We discuss an efficient computational approach to the embedding problem in structural molecular biology. This is the determination of a molecule's three-dimensional structure from information about its interatomic distances. In the work discussed here, this information is conveyed by lower and upper bounds on the distances which are estimated by nuclear magnetic resonance (NMR) spectroscopy and a priori knowledge of chemical structure.
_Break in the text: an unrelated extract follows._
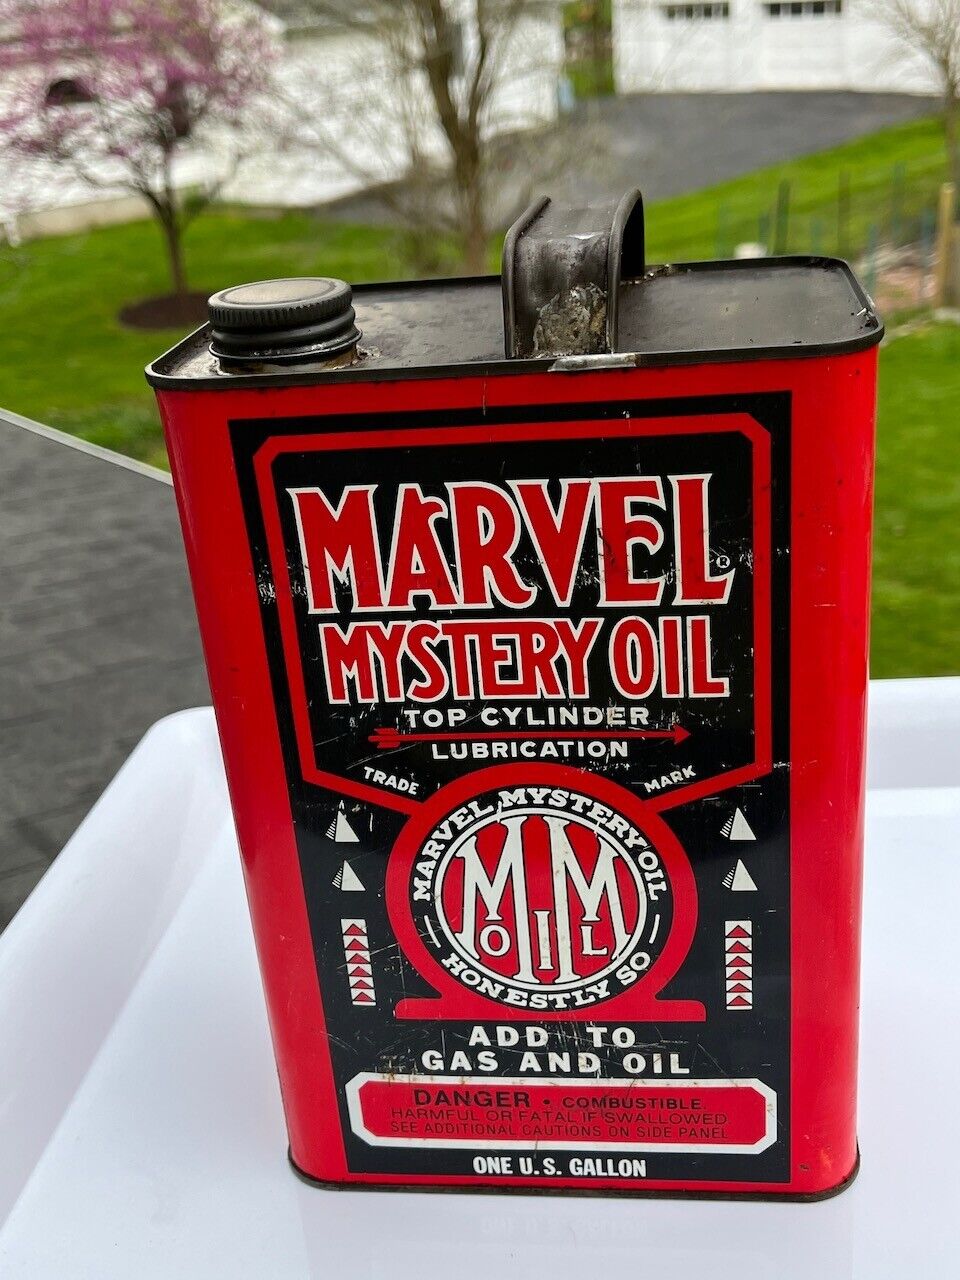 VTG MARVEL MYSTERY Oil Can, 1 Gallon - Gas & Oil, Vintage Antique Can Empty

Given a molecule with n atoms, in our approach we treat the n(n-1)/2 interatomic distances (dissimilarities, more precisely) as independent variables, rather than parameterizing the problem in terms of the 3n Cartesian coordinates of the atoms. A classical result from distance geometry enables us to steer the set of dissimilarities to one that corresponds to the squared interpoint distances of an actual configuration of atoms in three dimensions.
This formulation leads to a large-scale bound constrained, nonconvex rank-constrained matrix optimization problem with a spectral objective. At first glance our approach appears to result in a much larger, and therefore more computationally expensive, problem than one would encounter in a coordinate-parameterized approach. However, as we discuss, the computational costs are actually quite tractable. Moreover, the formulation leads to an optimization problem that, though large, is relatively easy to solve, as is demonstrated by the numerical results we present.
We also comment on the difference between real NMR data sets and the synthetic data sets that are frequently used in the mathematical literature on molecular embedding. In particular, real NMR data sets are sparse and have other features (such as lack of stereospecificity for some atoms) that make realistic molecular embedding problems more difficult than synthetic problems.